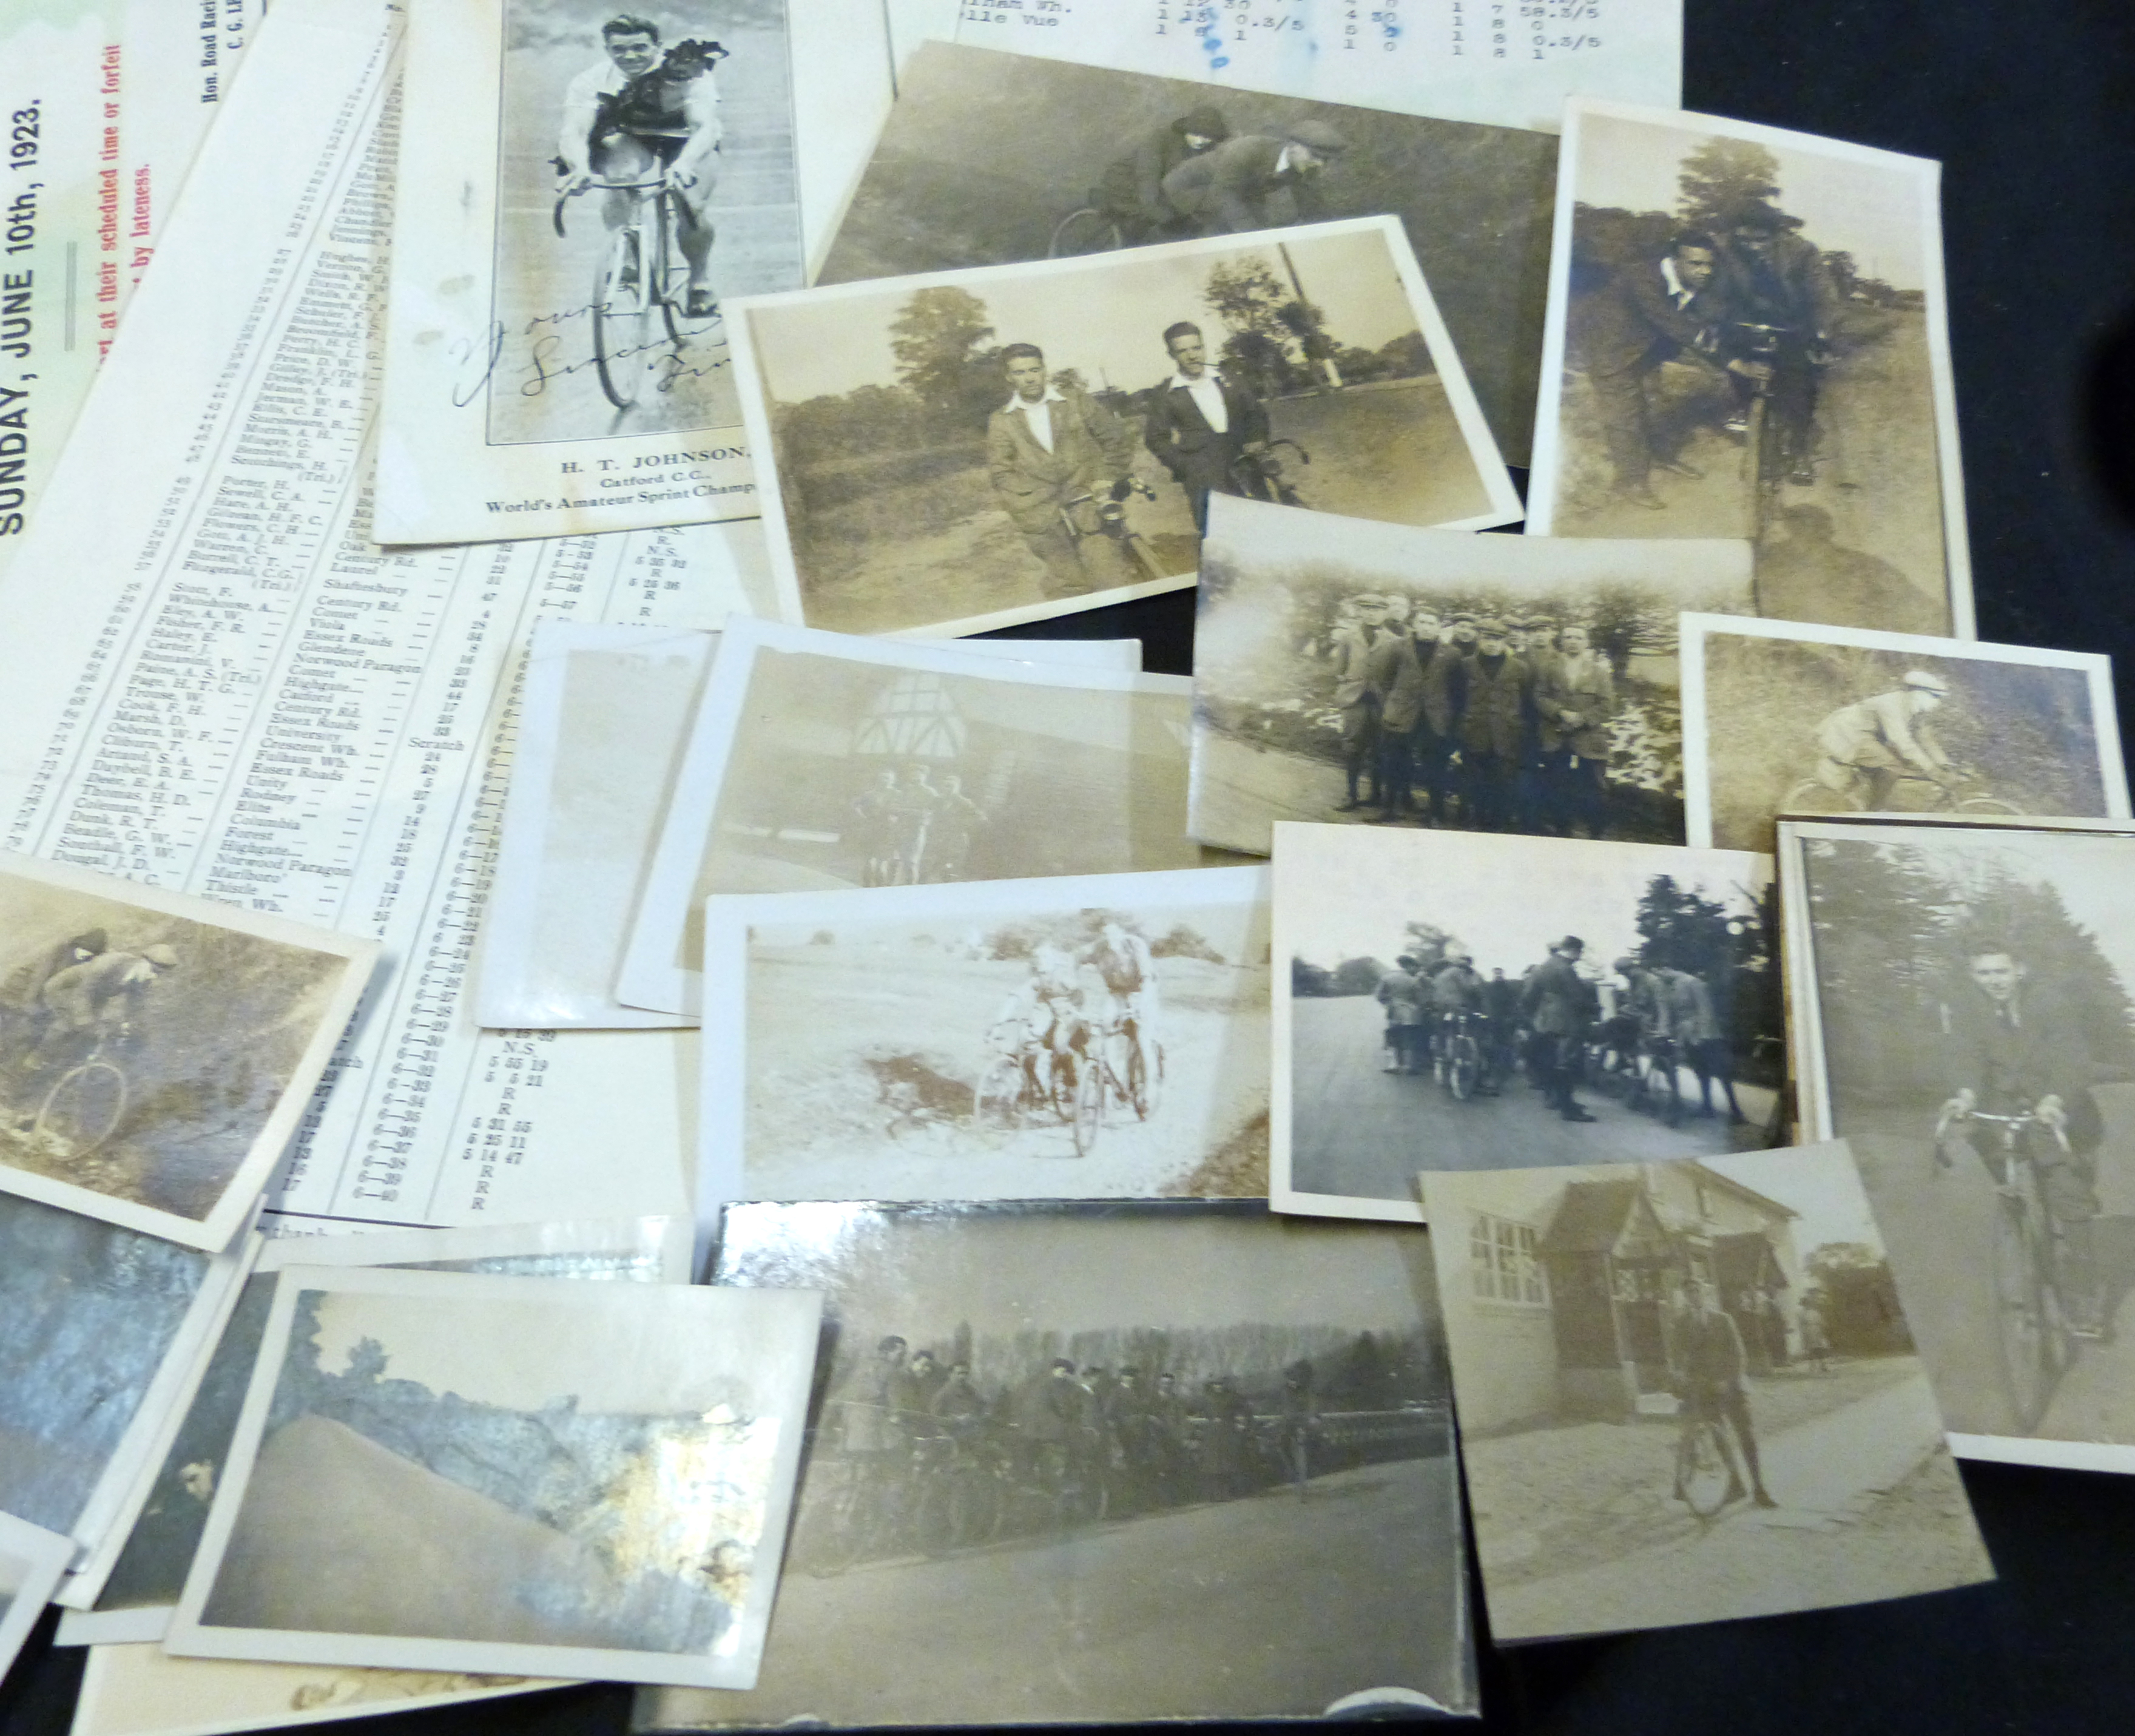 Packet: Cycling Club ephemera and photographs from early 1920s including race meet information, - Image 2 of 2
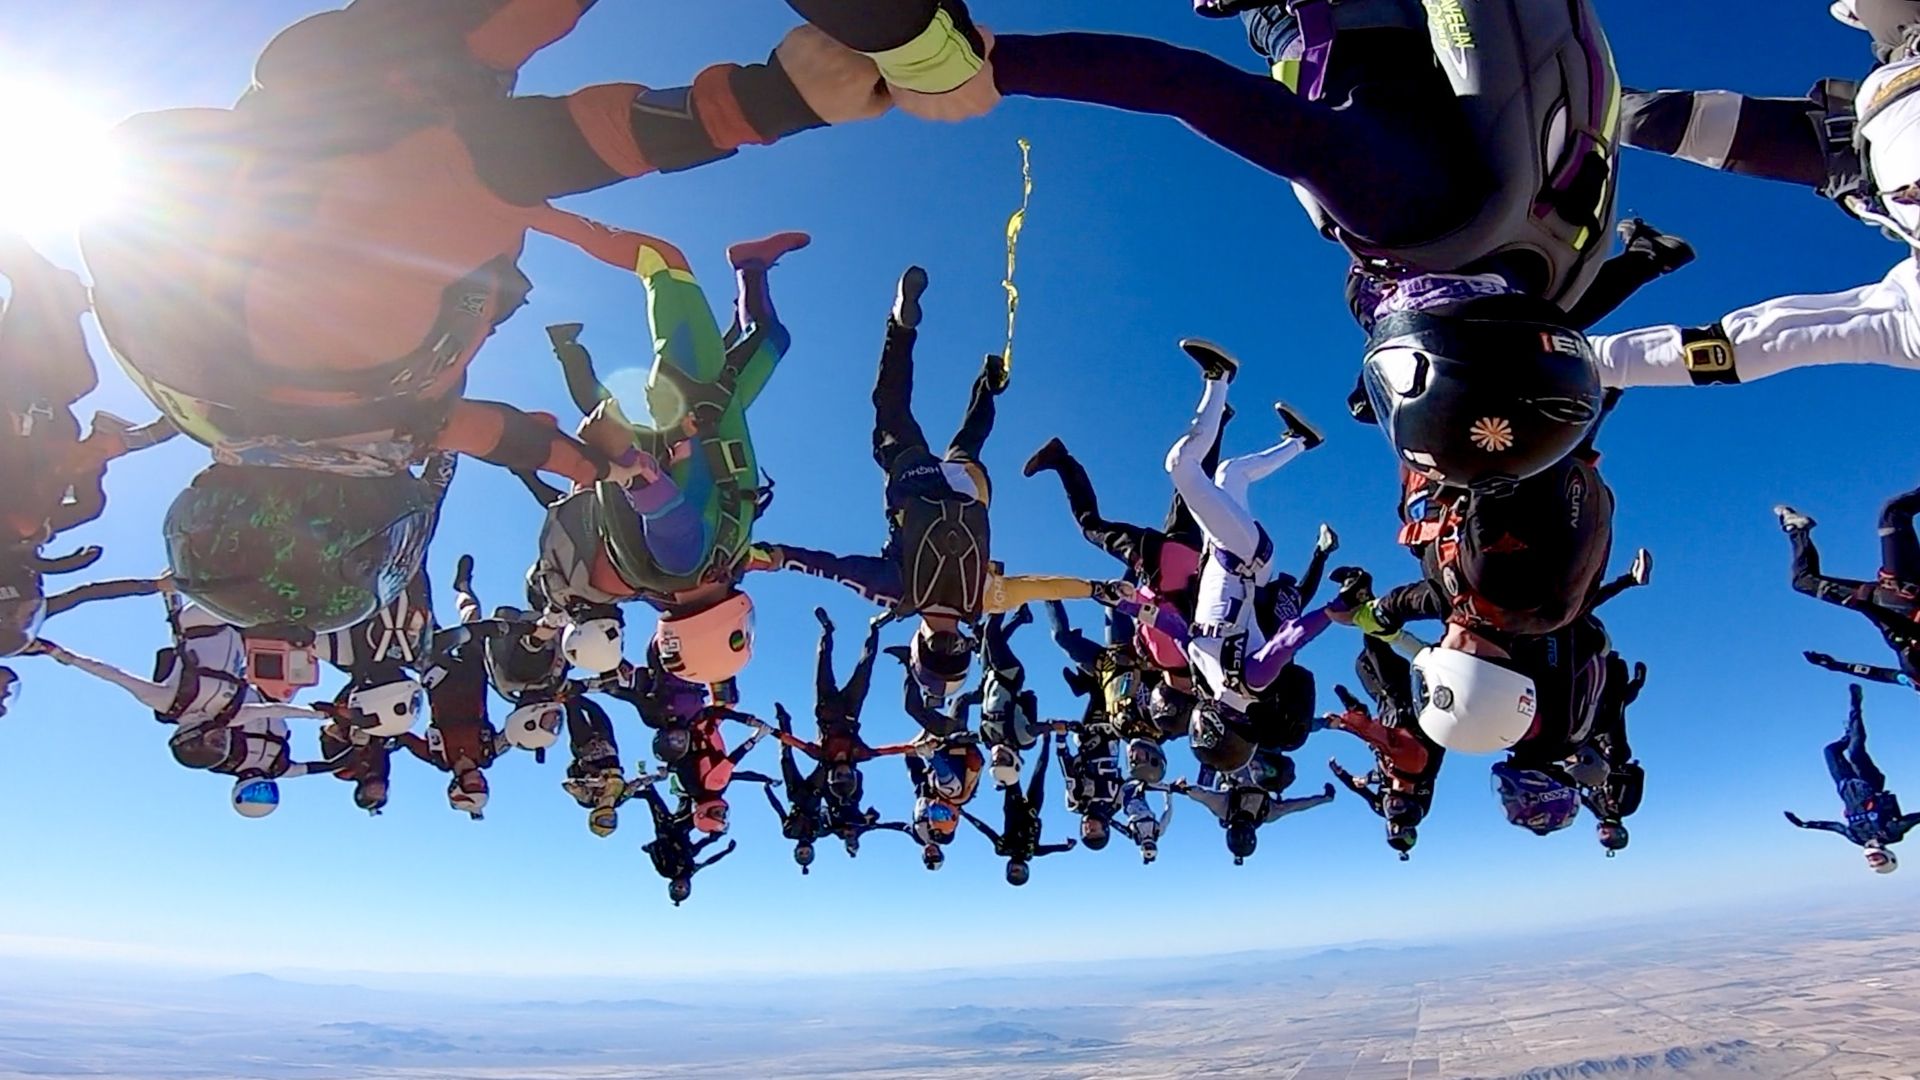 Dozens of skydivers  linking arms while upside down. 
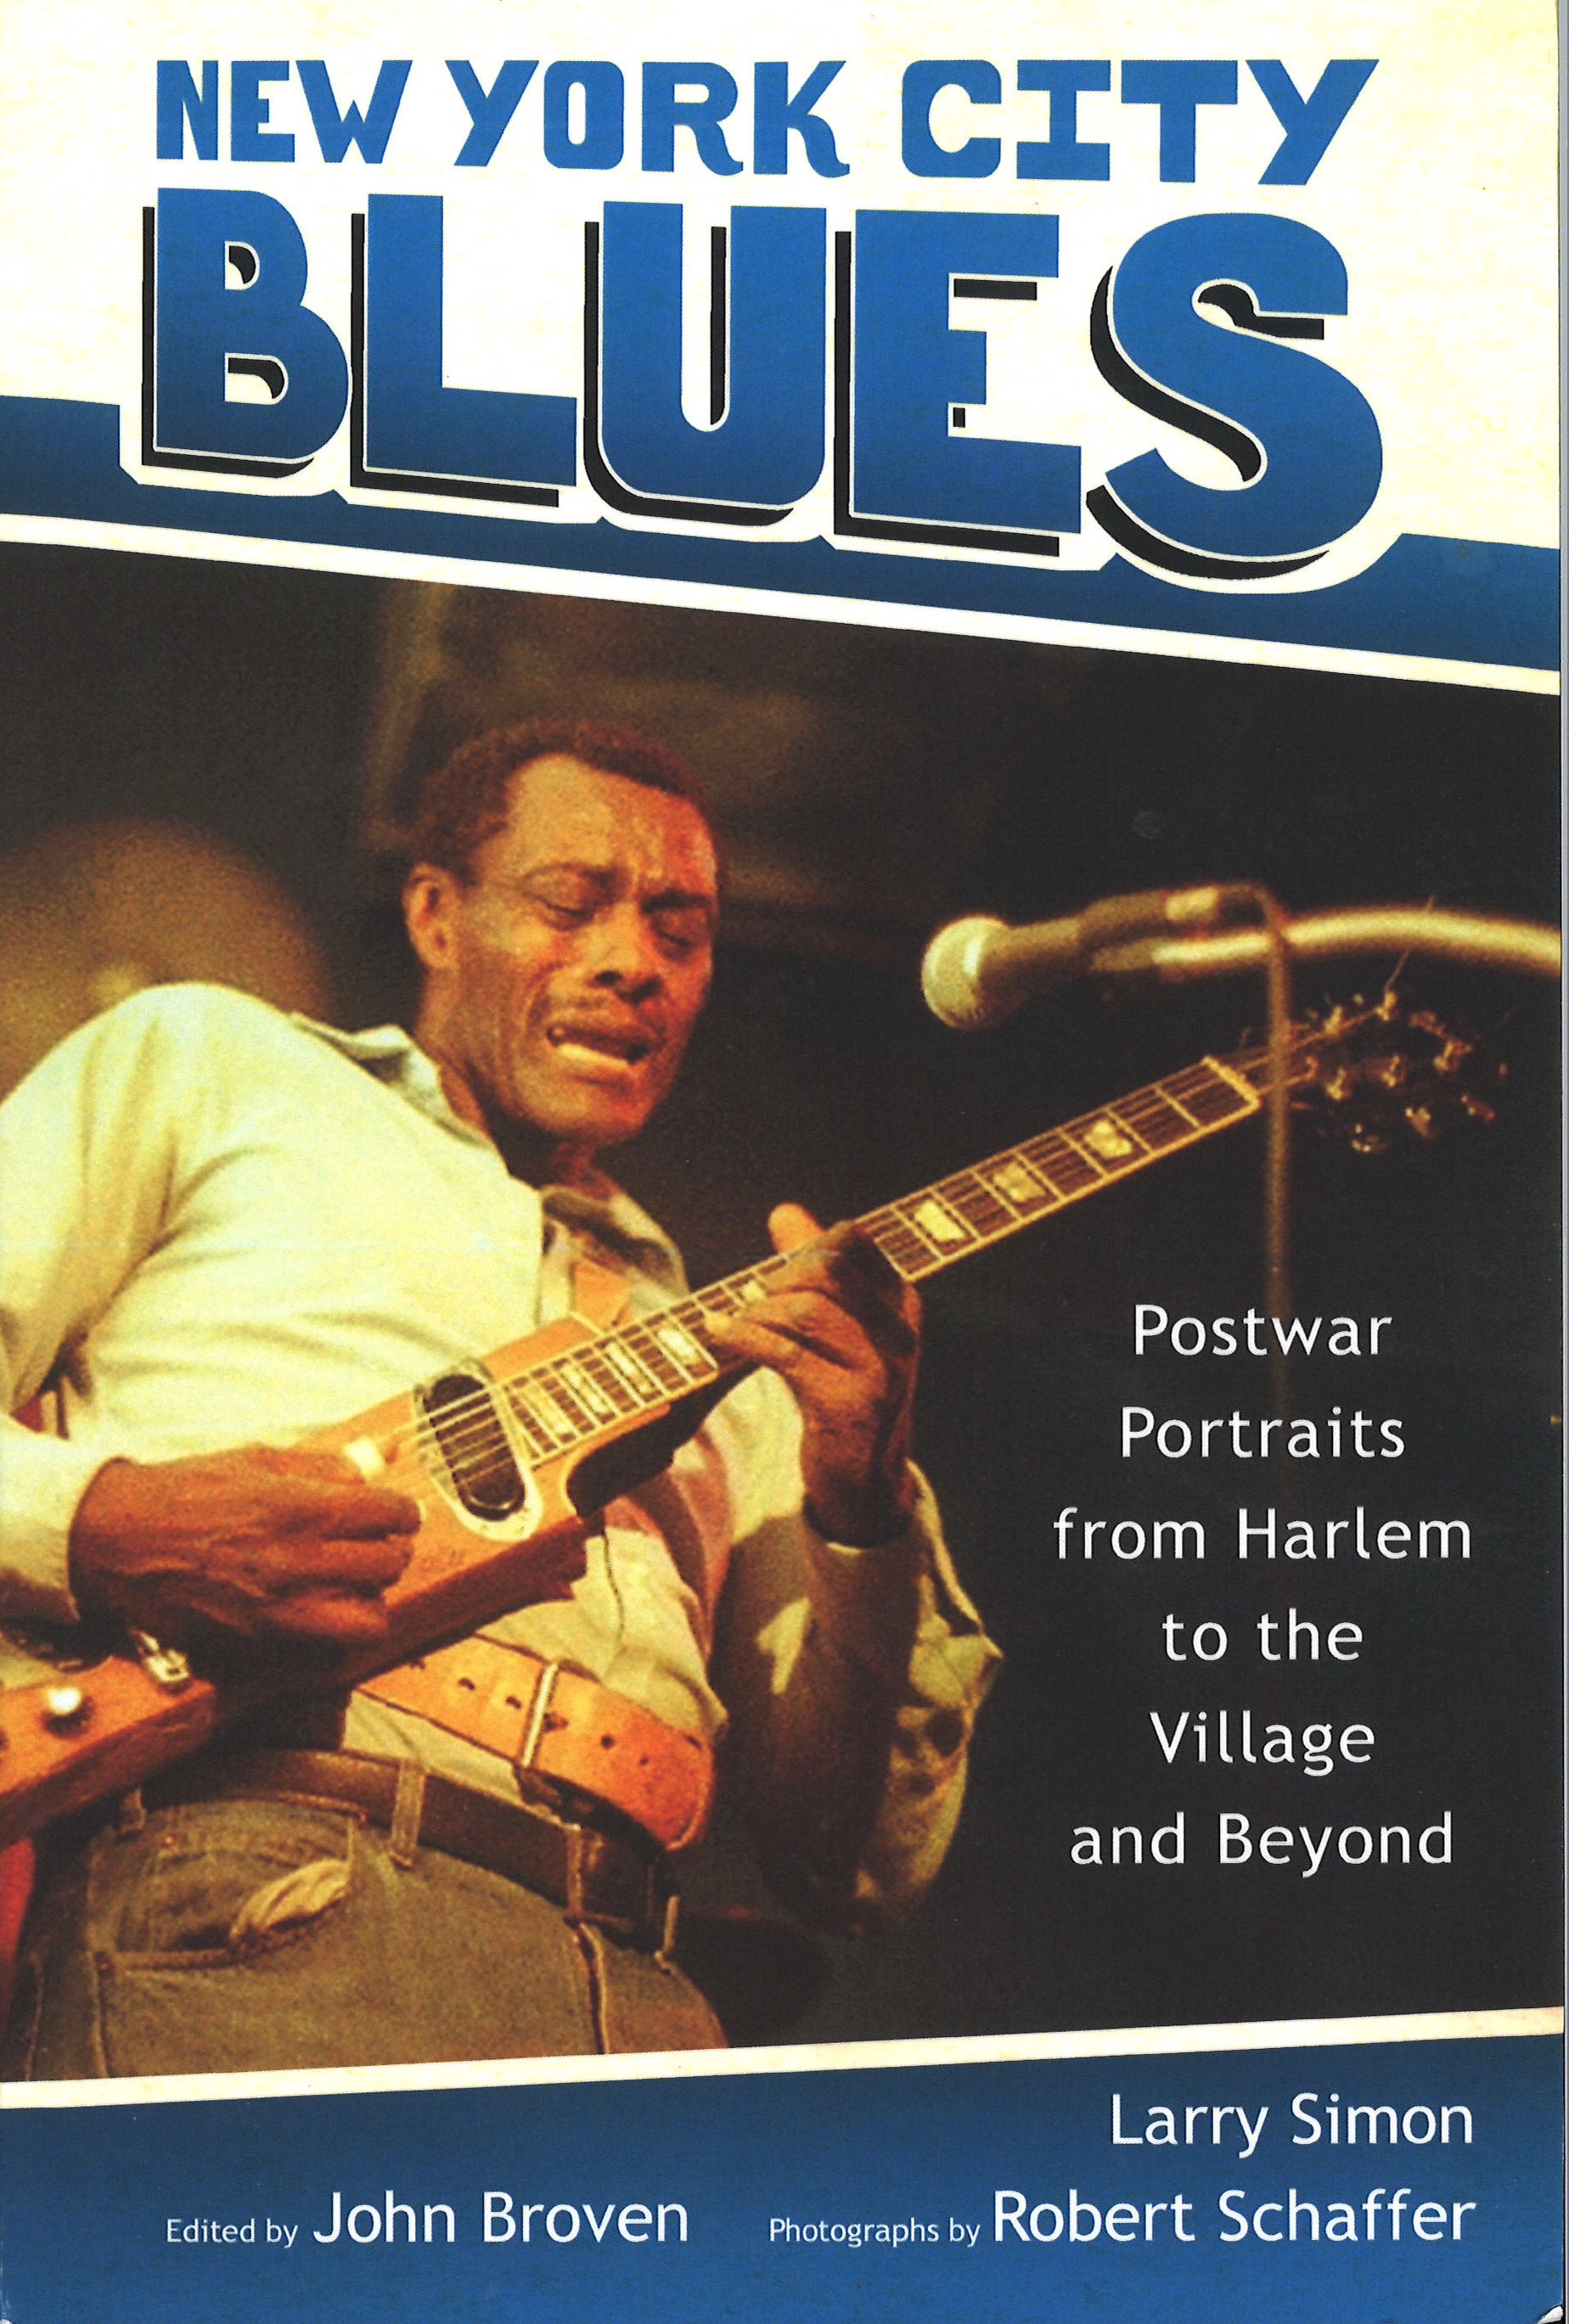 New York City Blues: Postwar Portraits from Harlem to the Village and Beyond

....

PROBLEM TO WORK ON |
Each line of the listing above must be given again exactly; the pictures are to be left out.

ANSWER TO THE EXERCISE |
 Packet: Cycling Club ephemera and photographs from early 1920s including race meet information, - Image 2 of 2
 Dozens of skydivers  linking arms while upside down. 
 New York City Blues: Postwar Portraits from Harlem to the Village and Beyond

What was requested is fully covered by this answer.